**GIVEN ENTRIES:**
+++

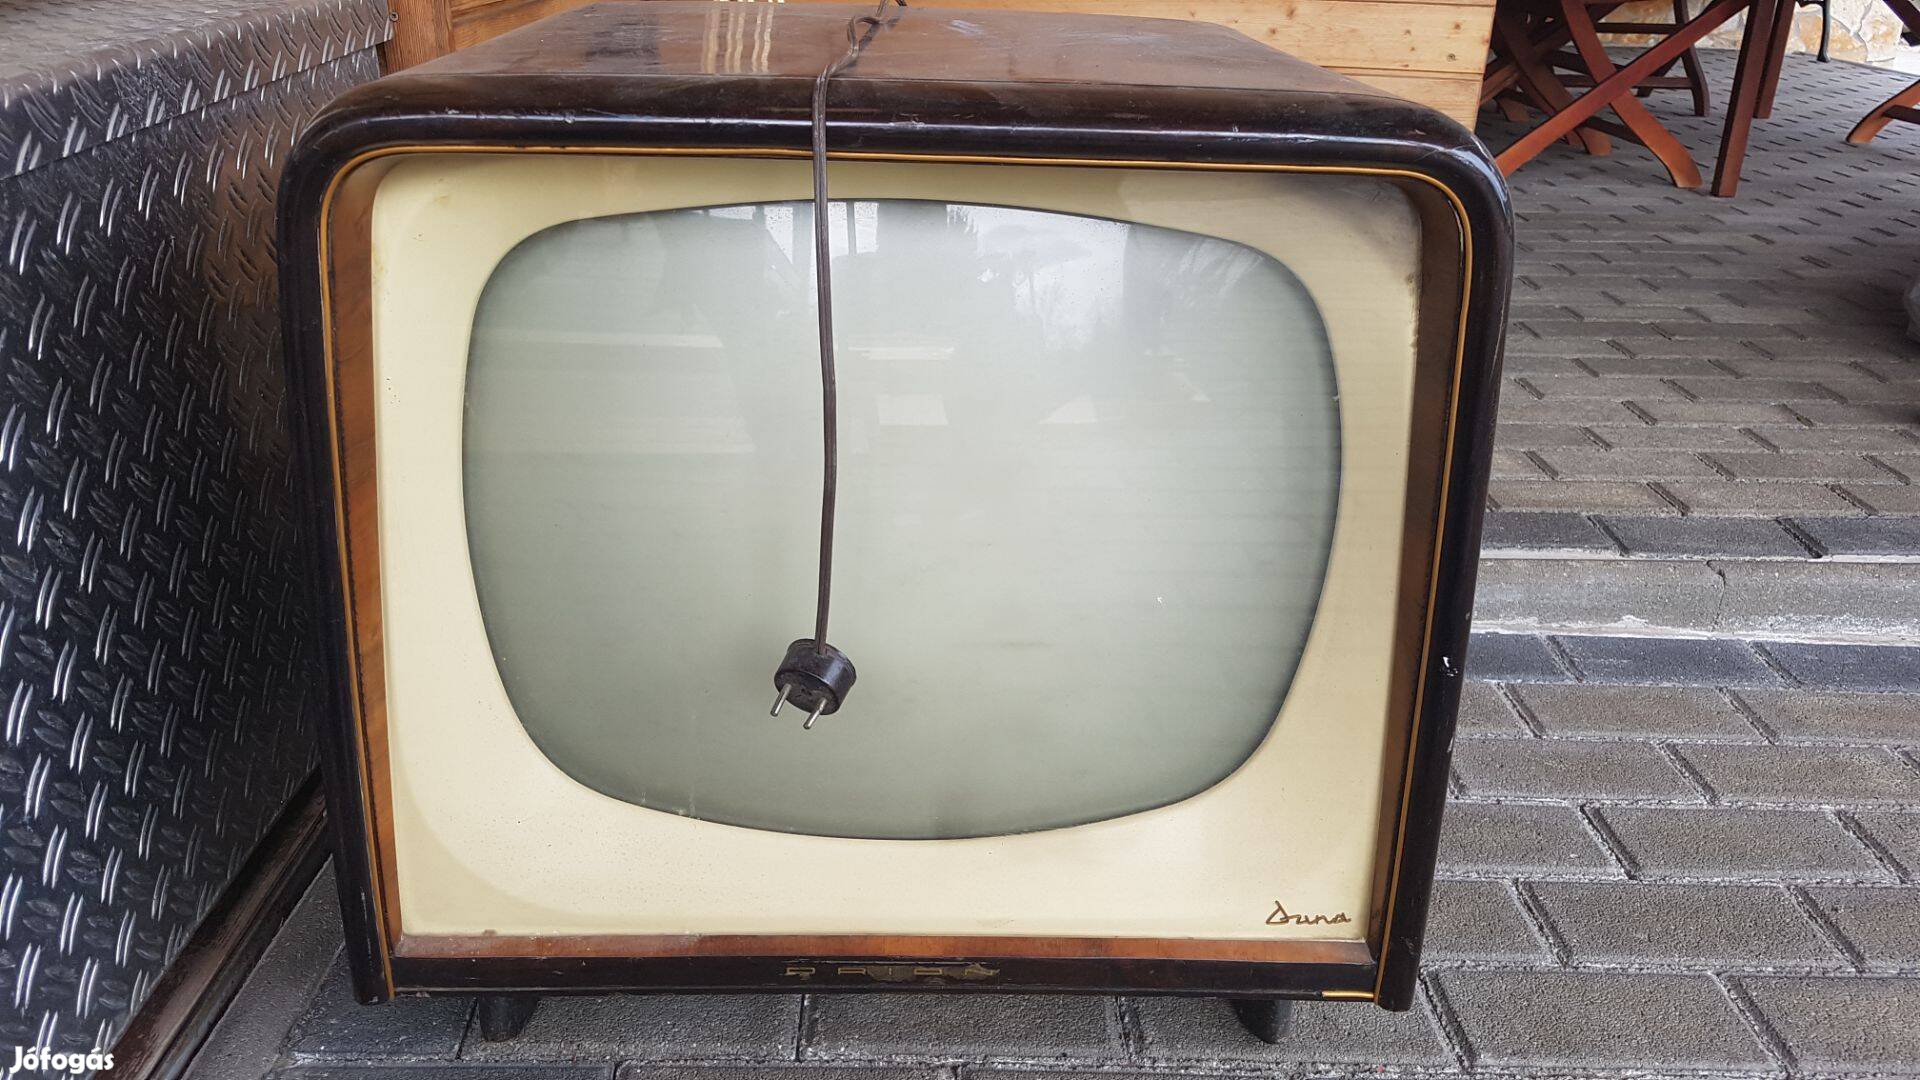 Duna TV Antik
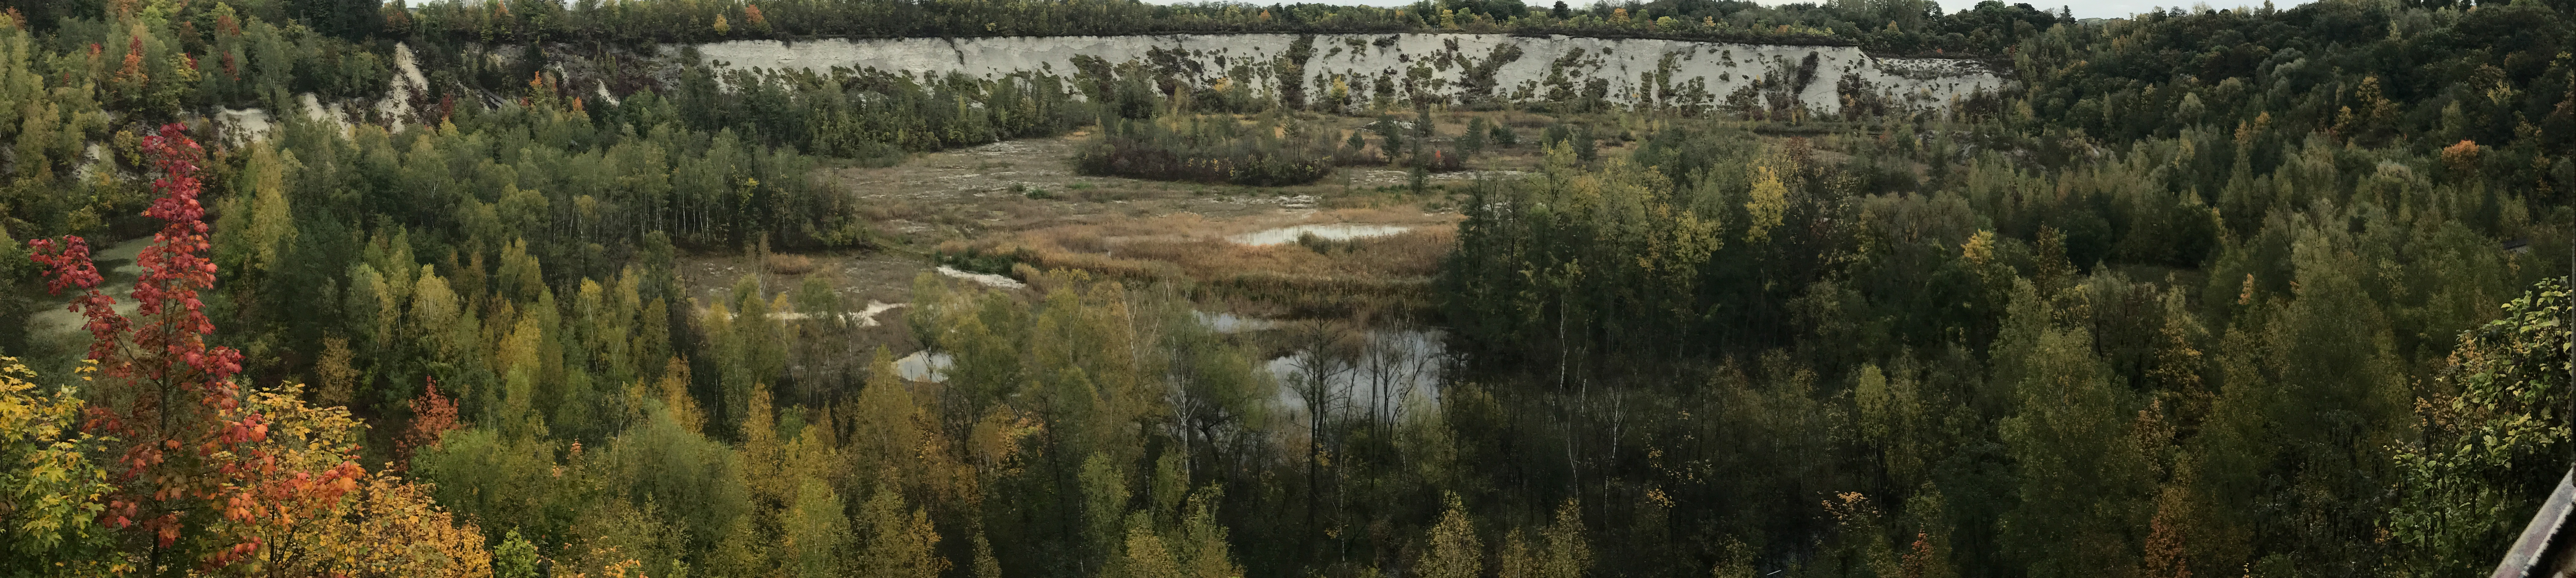 Waldbereiche mit Herbstfärbung und mittig ein Gewässer mit Mergelgrube
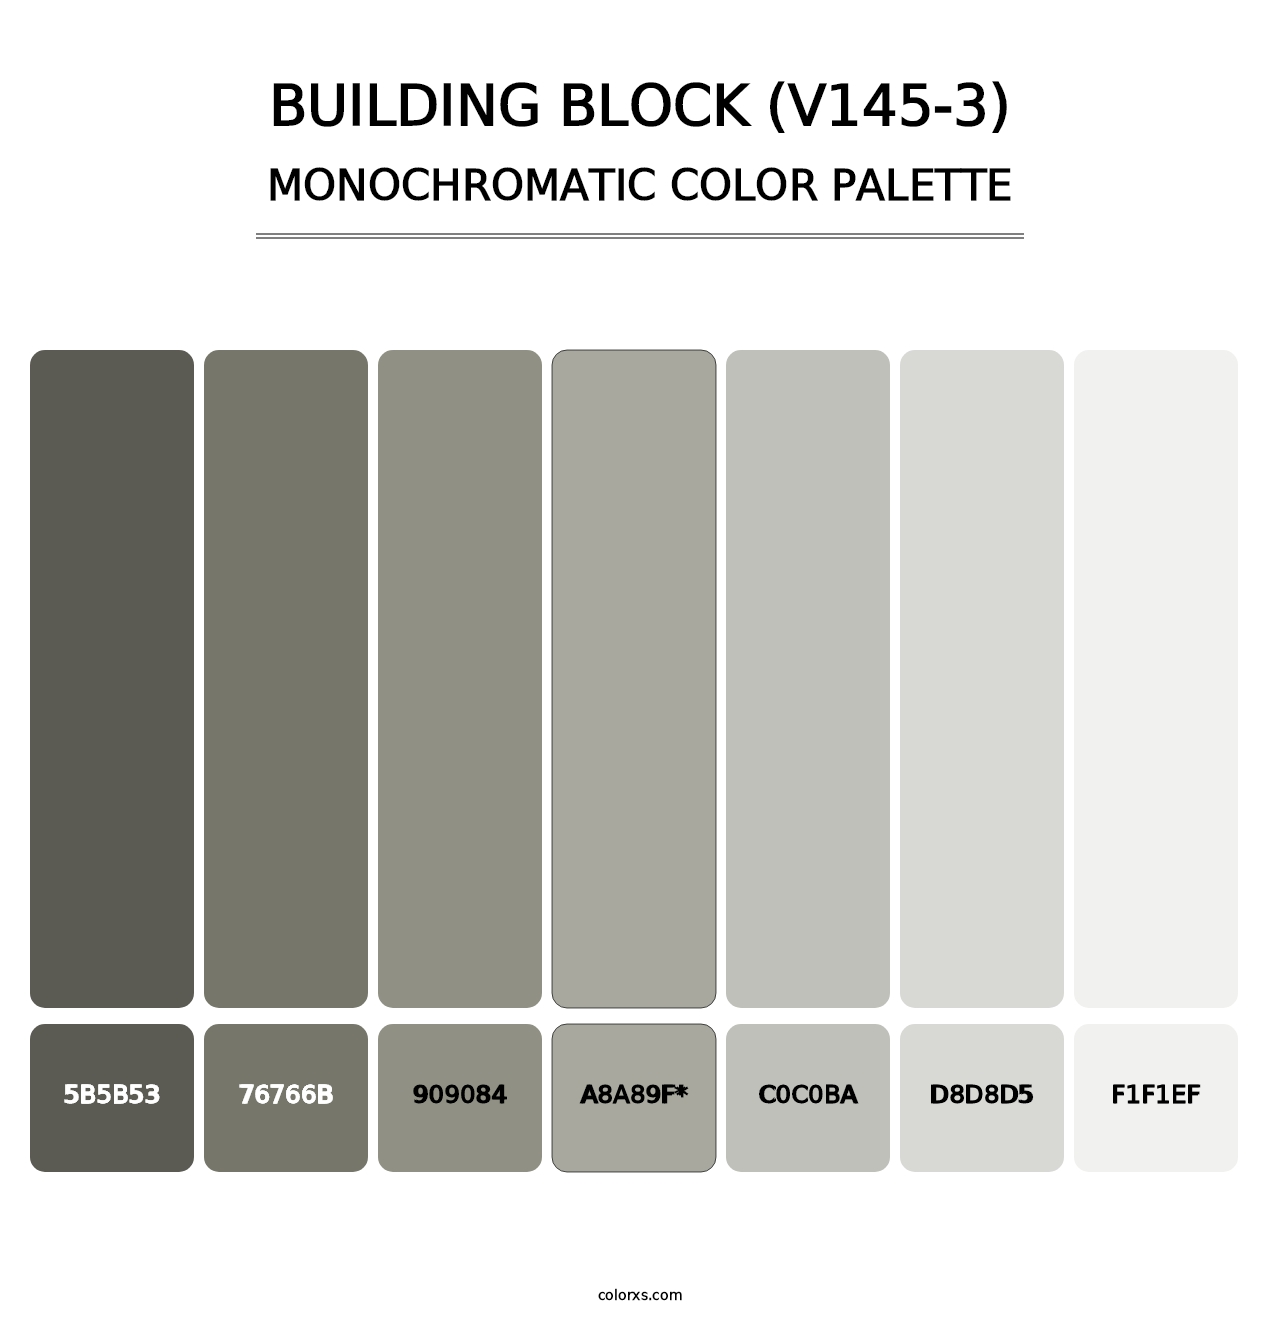 Building Block (V145-3) - Monochromatic Color Palette
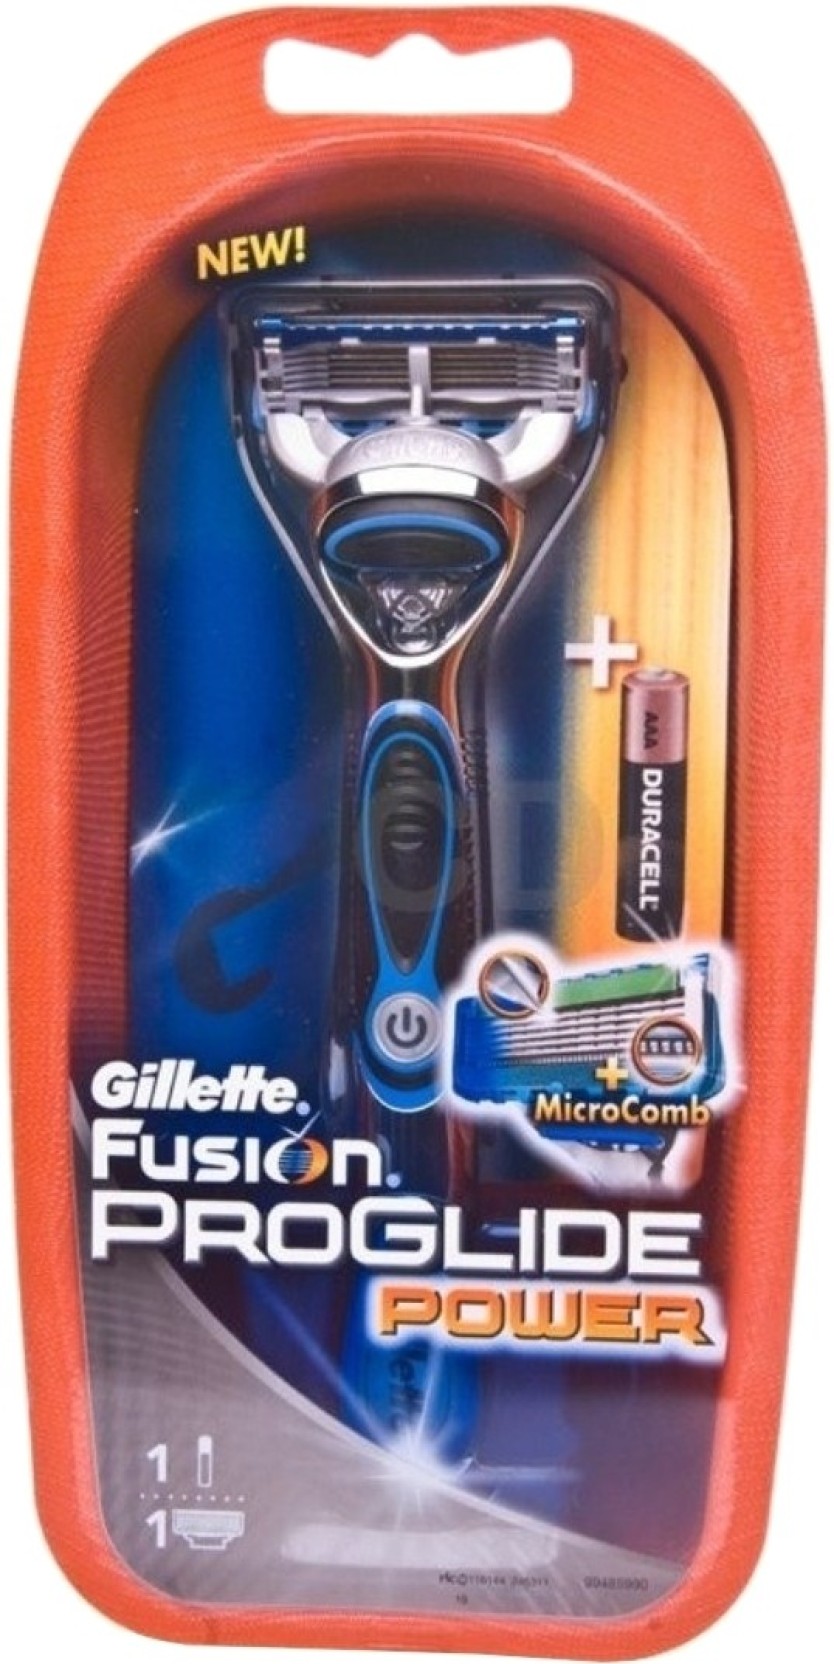 gillette-fusion-proglide-power-shaving-razor-price-in-india-buy
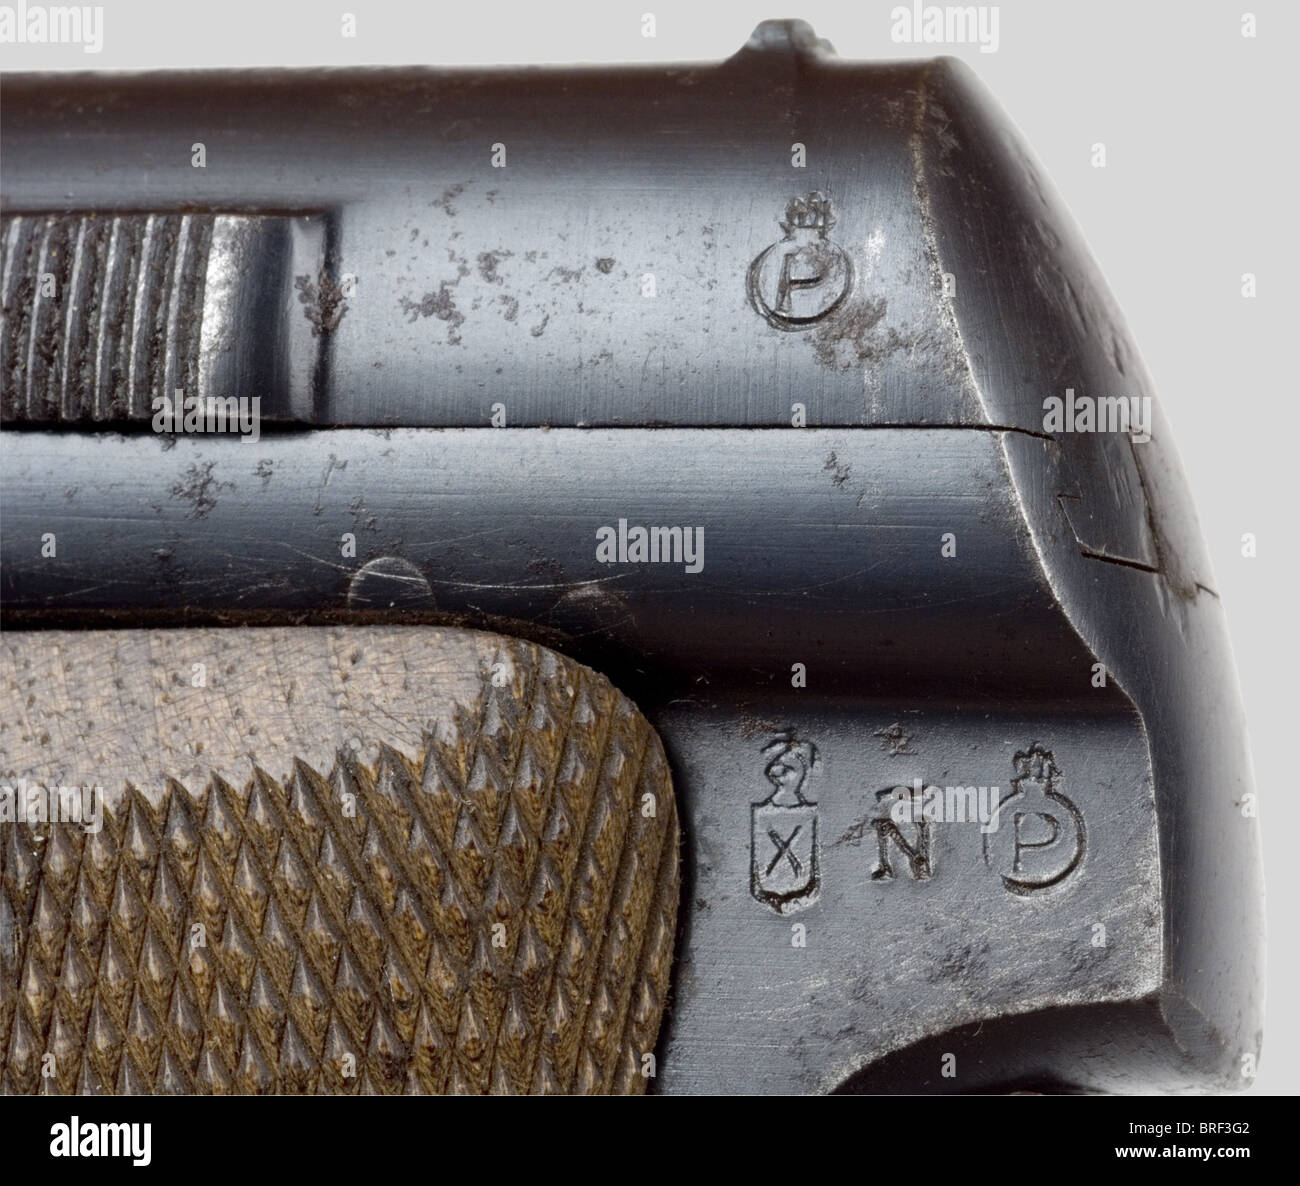 Armes à feu, Pistolet Espagnol Astra 300, calibre 9mm court, no. 587206,  sous contrat pour l'Armée Allemande: poinçon "WaA.251" frappé à l'arrière  de la glissière sur le côté droit. Dans son étui

+++

**WORK ITEM:**
Copy every entry above exactly as it stands, but leave the pictures out.

**WRITTEN RESPONSE:**
 Duna TV Antik
 Waldbereiche mit Herbstfärbung und mittig ein Gewässer mit Mergelgrube
 Building Block (V145-3) - Monochromatic Color Palette
 gillette-fusion-proglide-power-shaving-razor-price-in-india-buy
 Armes à feu, Pistolet Espagnol Astra 300, calibre 9mm court, no. 587206,  sous contrat pour l'Armée Allemande: poinçon "WaA.251" frappé à l'arrière  de la glissière sur le côté droit. Dans son étui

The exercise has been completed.